So certainly a a major topic around the world. But he wanted to not just, you know, react to the discourse that's online. He wanted to really dive deeper into with what we currently have, what is a way to convey the impact of trying to accurately distinguish some of these populations and seeing what that relates to other questions in the census itself. So, Peter does a great job in background, which, again, we'll invite you to check the preview or check the link yourself if you wanna read more background. We're gonna dive into more of the data analysis side of it where this is a very much a tidyverse inspired workflow with a real world use case of importing spreadsheet data from the from the ABS in a spreadsheet. So again, that's very common in the in this part of the world of of data analysis. So he's using the read excel package, one I've used great with great success in importing this type of data with a bit of, tidyverse cleaning up with a little bit of filtering for making sure they're getting non missing values and as well as different derivations of variables, a little bit of grouping.
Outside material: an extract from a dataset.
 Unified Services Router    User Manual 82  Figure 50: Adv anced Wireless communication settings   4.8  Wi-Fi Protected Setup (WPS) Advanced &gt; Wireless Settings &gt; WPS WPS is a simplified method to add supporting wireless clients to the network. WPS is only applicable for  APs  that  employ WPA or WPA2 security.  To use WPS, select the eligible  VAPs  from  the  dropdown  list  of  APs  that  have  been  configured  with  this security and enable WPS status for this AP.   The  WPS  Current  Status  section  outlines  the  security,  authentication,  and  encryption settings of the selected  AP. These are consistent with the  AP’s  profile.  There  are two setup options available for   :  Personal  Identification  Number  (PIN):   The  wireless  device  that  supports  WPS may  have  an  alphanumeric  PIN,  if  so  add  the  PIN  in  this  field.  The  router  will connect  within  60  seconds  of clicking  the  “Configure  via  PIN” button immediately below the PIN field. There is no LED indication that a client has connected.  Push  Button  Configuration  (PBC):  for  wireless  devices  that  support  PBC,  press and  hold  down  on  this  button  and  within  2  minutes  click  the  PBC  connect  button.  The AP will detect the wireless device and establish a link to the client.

So again, pretty, pretty logical. We get to a dataset, eventually leads to a visualization that when you read the blog post, you're gonna have to zoom in on this a little bit. But Peter is trying to illustrate some of the key differences as measured by the data between the LGB plus and the heterosexual Australian responses on this survey from back in 2020 and then seeing what what impact that would be in various questions. And you do expect there will be some differences not just in the in the age categories but also responses such as, like, family composition in their household, income questions, and the like. But he's using a pretty nice kind of, I think, pseudo lines, you know, dot chart but showing the the difference in in arrows pointing at the the shift from the heterosexual side to the LGB plus side of it. So you can kind of see where the wider differences are.
But he says he struggled with how to put this plot more accurately, and he went through quite a few iterations on that. So at the end of the post, he's got kind of what led to that final visualization, a set of faceted bar charts that are basically looking at each of those questions individually in different categories as well as the facets. So you can get a good read on that as well. But he was trying to distill some of the findings from this side by side bar chart analysis into this line plot as well. So as as I said, you can kind of see different types of domains are showing a wider differential in terms of percentages, which again may or may not be expected. But I'm always up for letting the data tell the story and and certainly, hopefully, that in the future, the the census from anywhere in the world is able to accurately portray these different populations that, again, deserve their voices to be heard. So really, really great summary here by Peter. Definitely a lot to digest if you're looking into the space of census analytics.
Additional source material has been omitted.